- Born: 8 January 1957 (age 69) Karachi, Sindh, Pakistan
- Other name: MSR
- Education: St. Patrick's High School, Karachi
- Occupations: Journalist, Business Executive
- Known for: Chief Editor of Jang Group of Newspapers Founder of Geo Entertainment Geo News Geo Super AAG TV Geo Tez Geo Kahani Geo Entertainment
- Spouses: ; Shahina Shakil ​(m. 1975)​ ; Erum Shakil ​(m. 1991)​
- Children: 9 (including Mir Ibrahim Rahman)
- Relatives: Mir Khalil ur Rahman (father), Mehmooda Khalil ur Rahman (mother), Mir Javed ur Rahman (brother)
- Website: geo.tv

= Mir Shakil-ur-Rahman =

Pakistani businessman

Mir Shakil ur Rahman (born 8 January 1957), also known as MSR, is a Pakistani media mogul and businessman. He is the founder of the 24-hour news cycle network, Geo TV.

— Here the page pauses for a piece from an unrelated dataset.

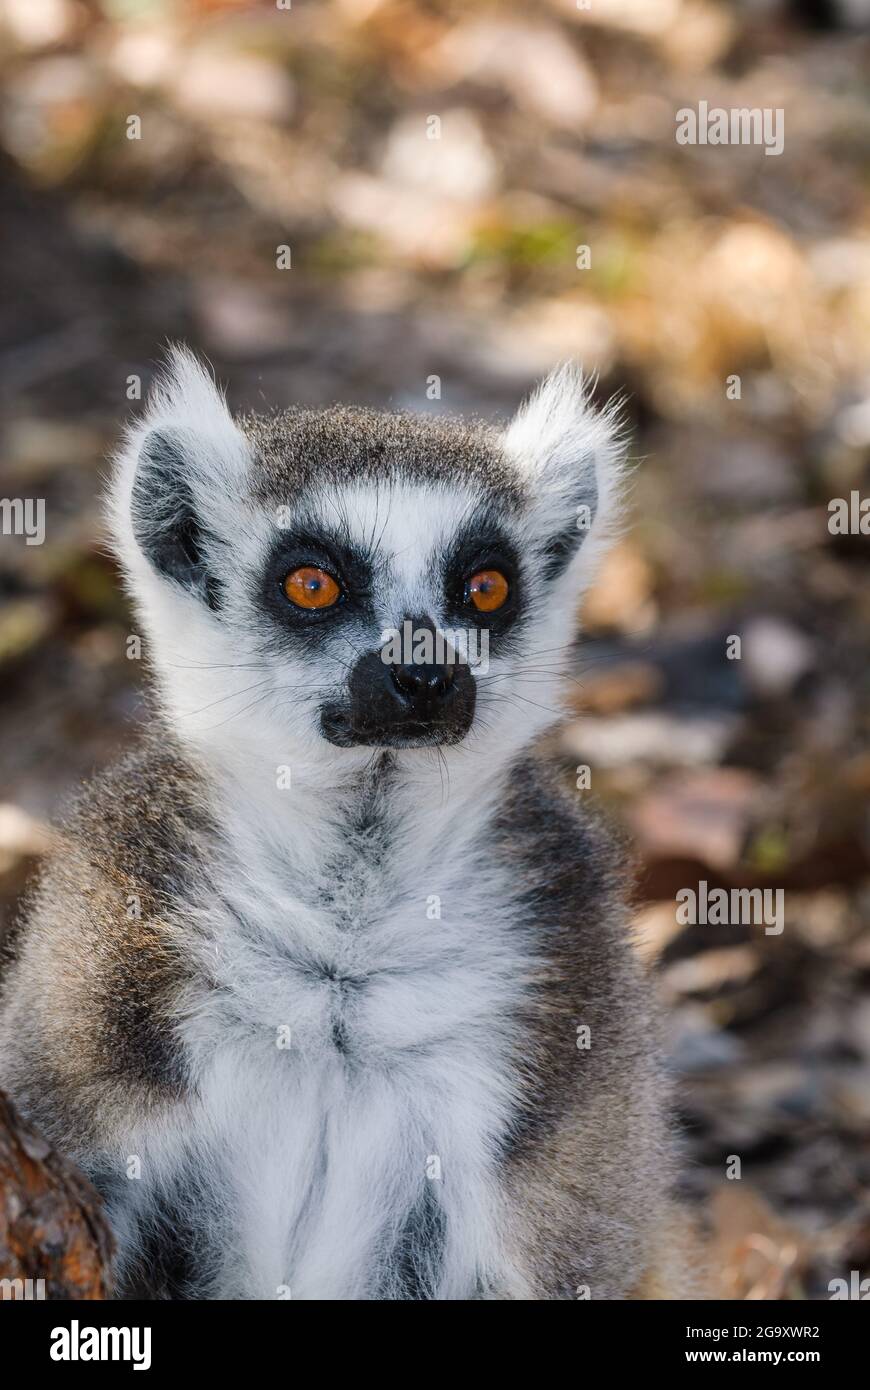 A beautiful single ring-tailed lemur portrait showing a relaxed but wary pose with bright red eyes fixed on the viewer at Koah , Queensland, Australia. Stock Photo

In addition, he is also the owner of the Jang Group of Newspapers and the News International, which was founded by his father, the late Mir Khalil ur Rahman and part owner of the Independent Media Corporation. This media group publishes a number of newspapers and magazines in Urdu and English. IMC also owns the Geo TV network.

== Early life and education ==
Mir Shakil ur Rahman was born on 8 January 1957 in Karachi, to father Mir Khalil ur Rahman and mother Mehmooda Khalil ur Rahman. He is of Kashmiri descent, as his paternal grandparents had immigrated from Kashmir Valley. He grew up with six siblings; an older brother, four older sisters and a younger sister. His father was the founder of the Jang Group of Newspapers. Mir attended St Patrick's High School in Karachi and is listed among the famous personalities of Pakistan that were educated there.

== Career ==
In the late 1990s, during Nawaz Sharif's second term as prime minister, Shakil was first asked by Sharif's government to dismiss some of the staff members of the Jang Group.
Keeping in line with the tradition of the media group that was founded by Mir Shakil's father, Mir Khalil ur Rehman, Shakil refused to dismiss the staff, a number of tax evasion cases were filed against his news group amounting to 40 million US dollars, followed by freezing of bank accounts and seizure of their assets. The government withdrew their court cases after some facts were made public by Shakil.
Shakil established a television channel network by the name of Geo TV in May 2002.
He was arrested by the NAB on 12 March 2020 on the allegations of getting 52 kanal land in Lahore by that time Chief Minister of Punjab Nawaz Sharif.

==Media industry associations==
Mir Shakil has also served as the president of the All Pakistan Newspapers Society, in 2006. He remained a convener of the 'Wage Board Committee' of the society in 2010. He was the president of the Council of Pakistan Newspaper Editors in 1995–96 and again in 2003–04 and also the president of Pakistan Broadcasters Association (PBA) in 2005. Shakil served as a member of the Press Council of Pakistan in 2013. He owns multiple media outlets such as Jang News, Geo News TV channel, The News, and others.

==Personal life==

Mir Shakil ur Rahman is the younger brother of former Jang Newspaper Editor Mir Javed ur Rahman (1945 – 2020), and is the second youngest child of Mehmooda Khalil ur Rahman (1926 – 2021) and the late Mir Khalil ur Rahman.

He resides in Dubai, United Arab Emirates with his two wives, Shahina and Erum, sharing five children (including Mir Ibrahim Rahman) with the former and four with the latter. He has a total of nine children, including four sons and five daughters.